• _PROVIDED DATA_

☆ ☆ ☆ ☆

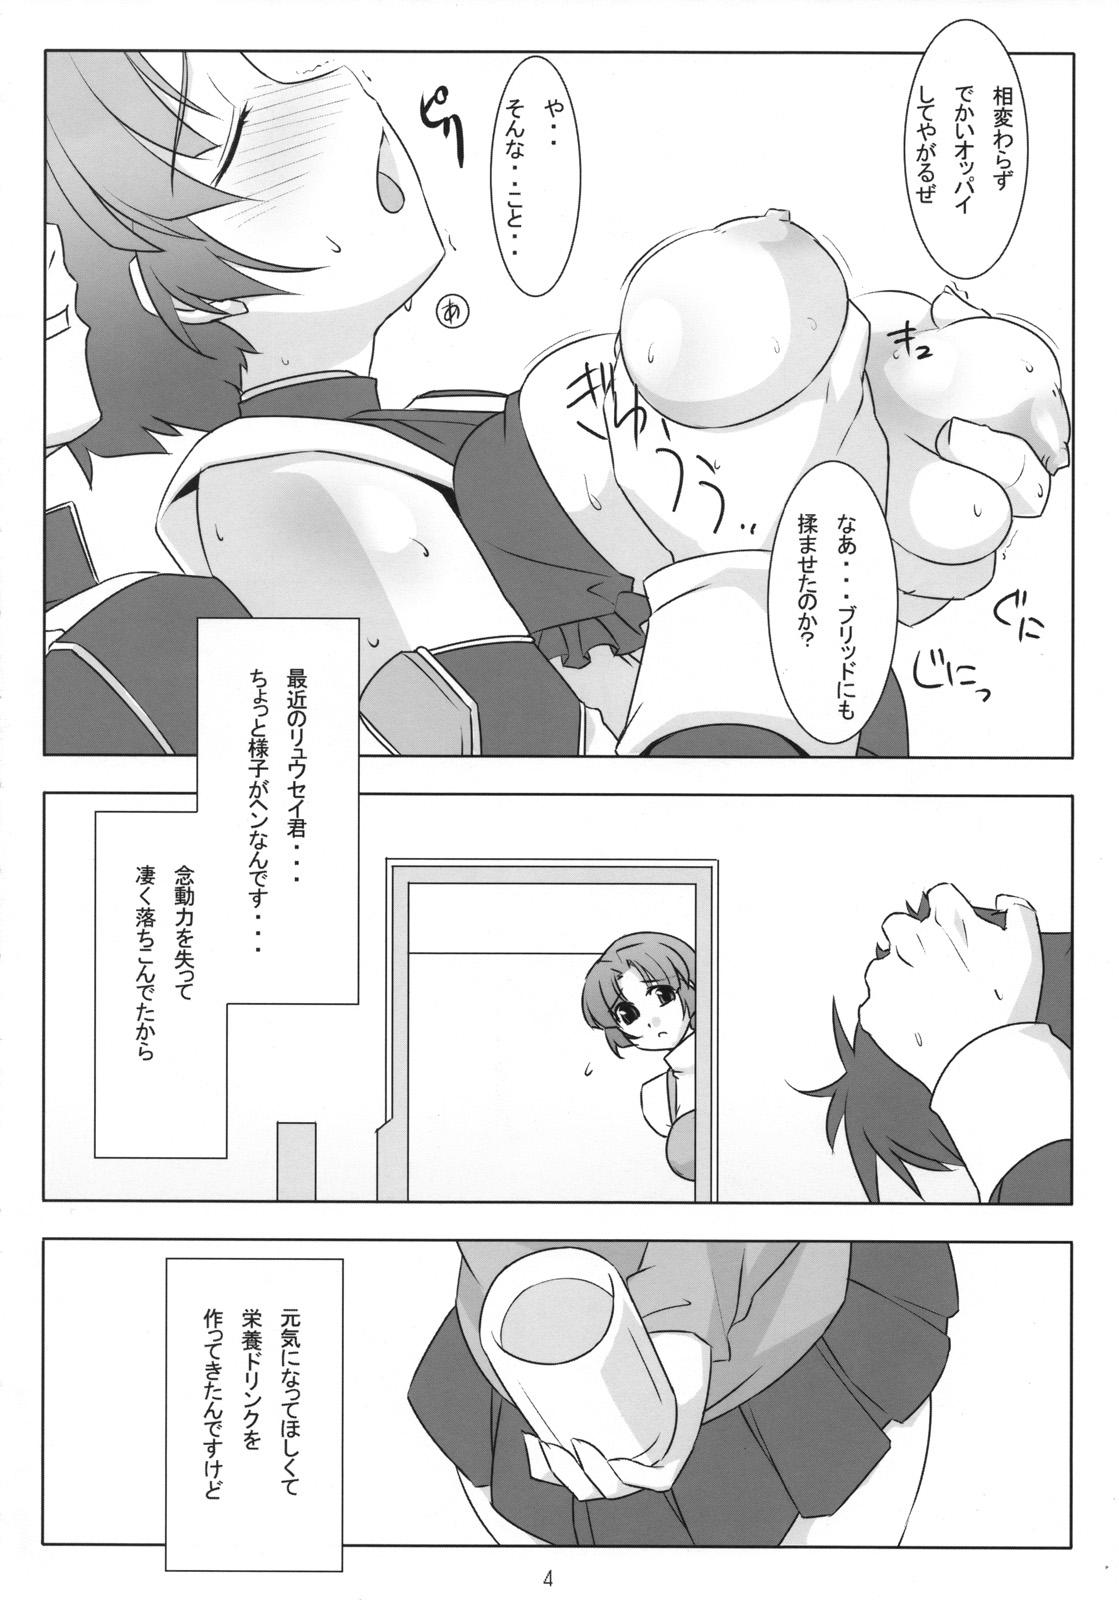 Scene CHEMICAL SOUP - Super robot wars Fuck - Page 3
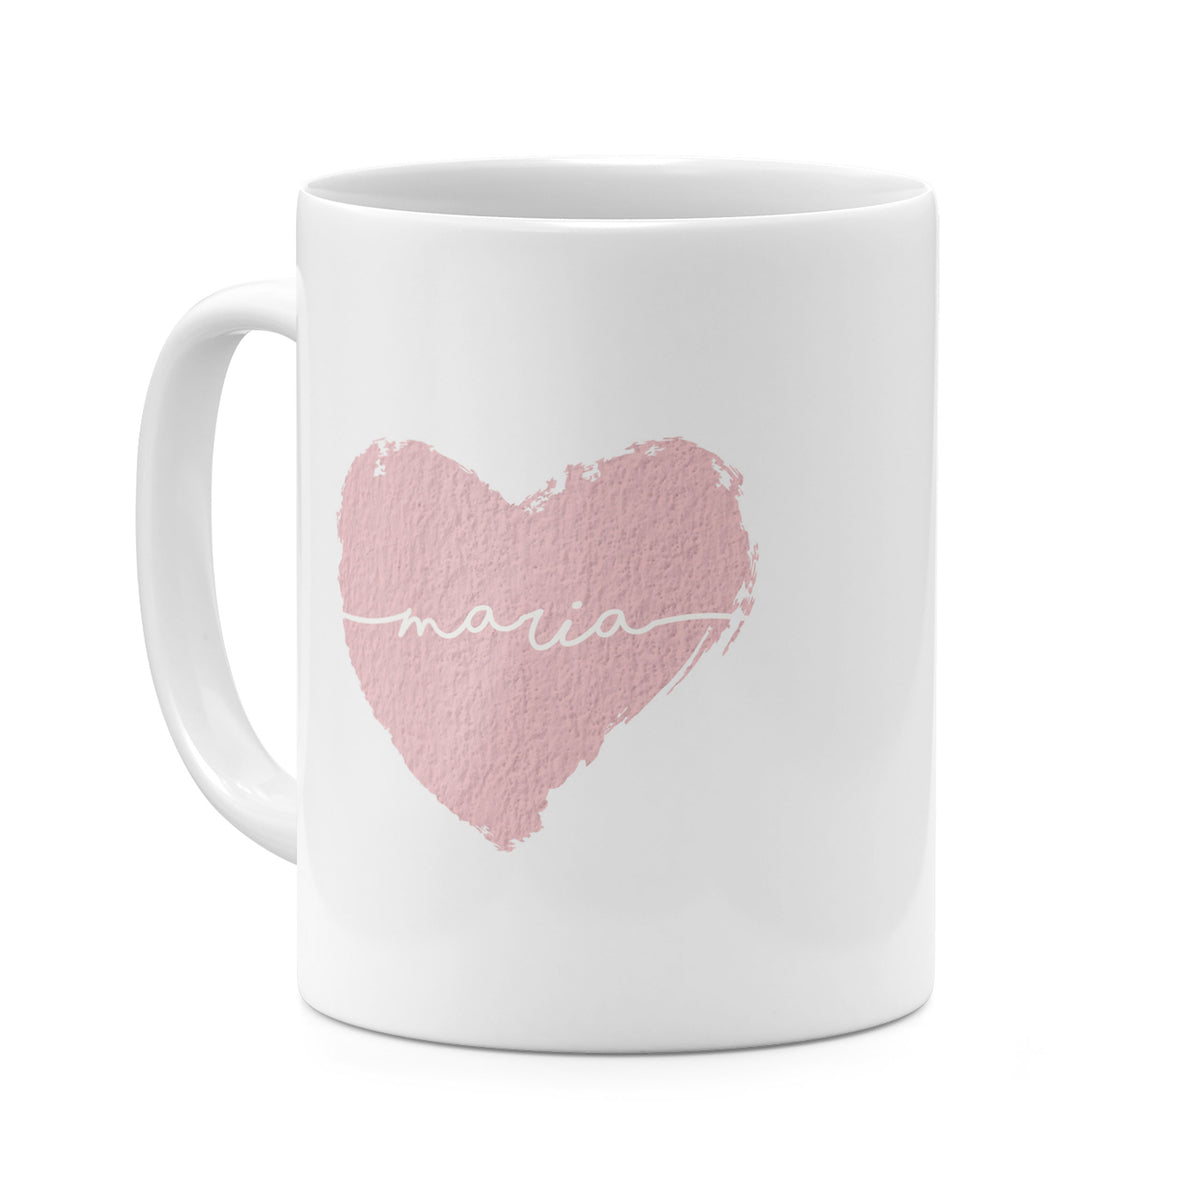 Personalised Ceramic Mug with Name Initials Text Grunge Pink Heart
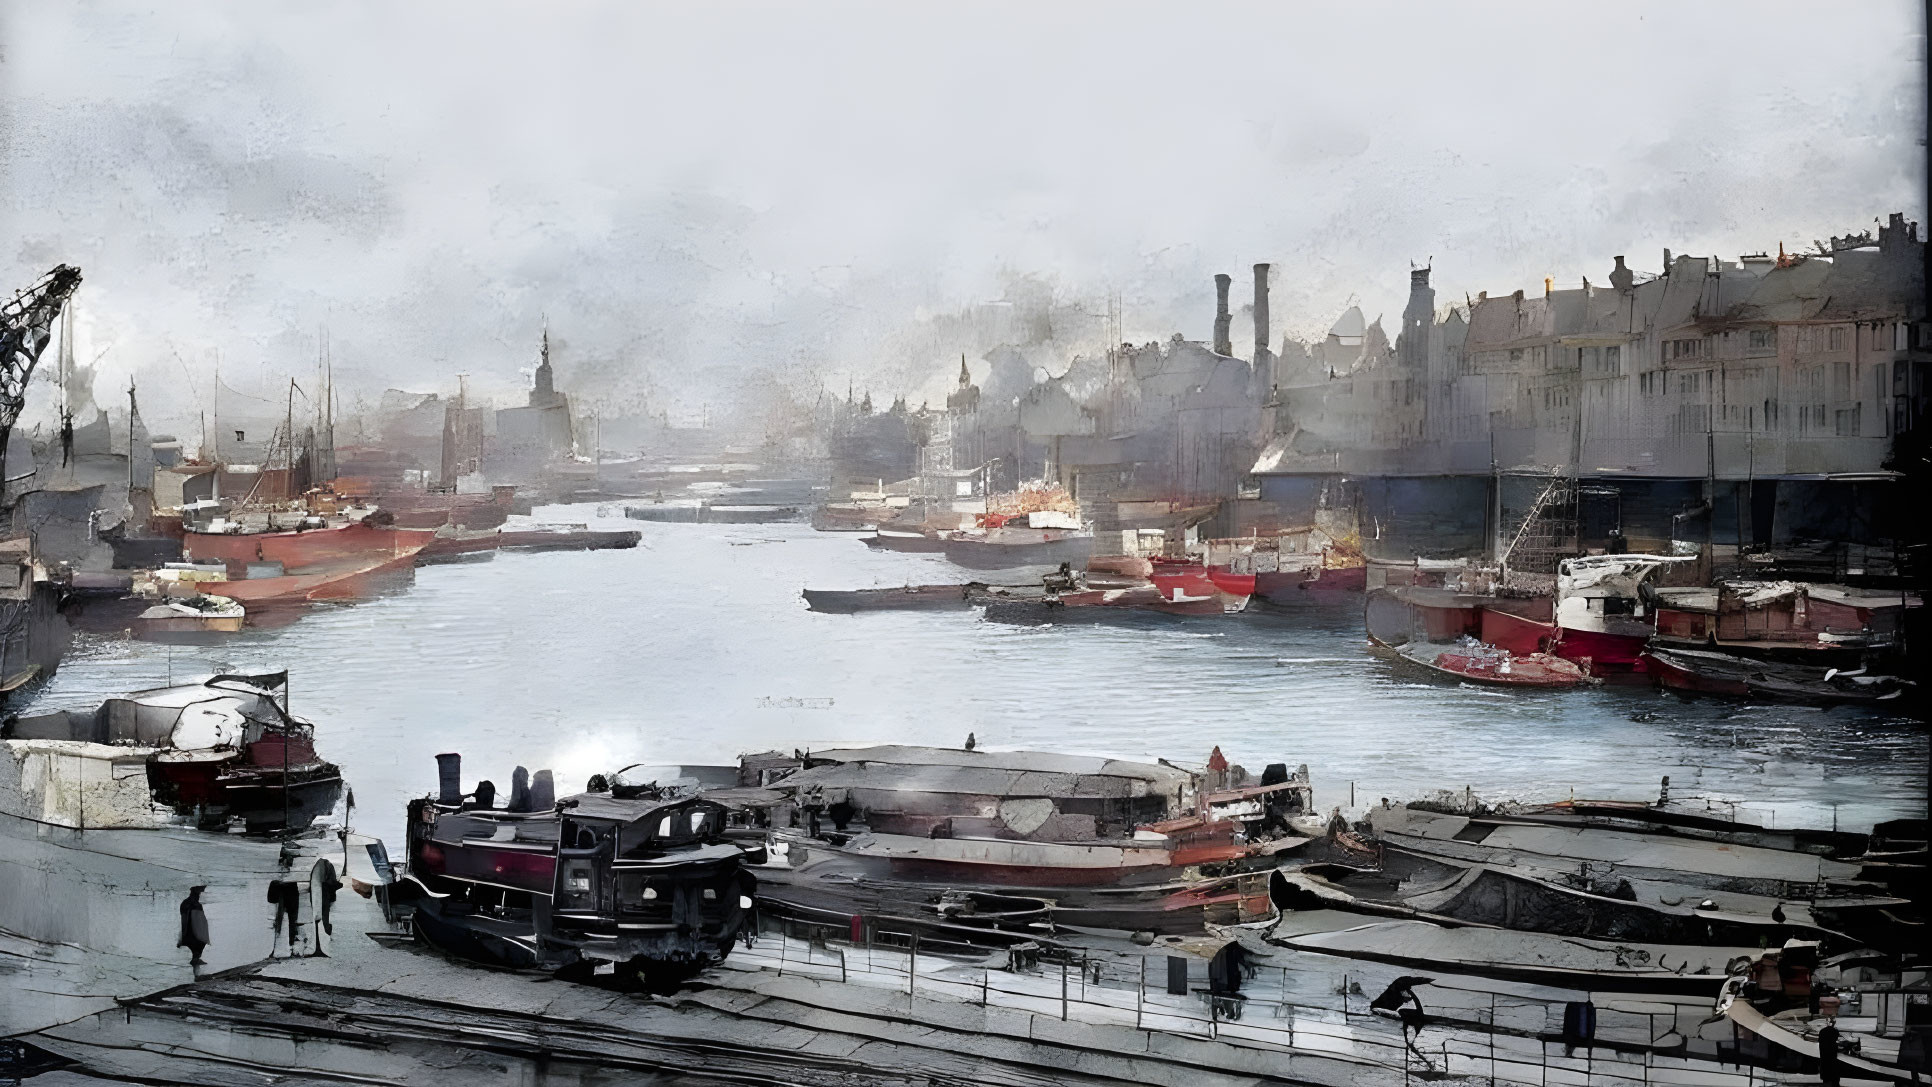 Industrial port scene with boats, train, people, factories, and cranes

☆ ☆ ☆ ☆

• _ASSIGNMENT_
Starting at the line that holds "Personalised Ceramic Mug", reproduce each line through the last one of the listing, and nothing more; the pictures stay out.

• _EXERCISE RESULT_
 Personalised Ceramic Mug with Name Initials Text Grunge Pink Heart
 Industrial port scene with boats, train, people, factories, and cranes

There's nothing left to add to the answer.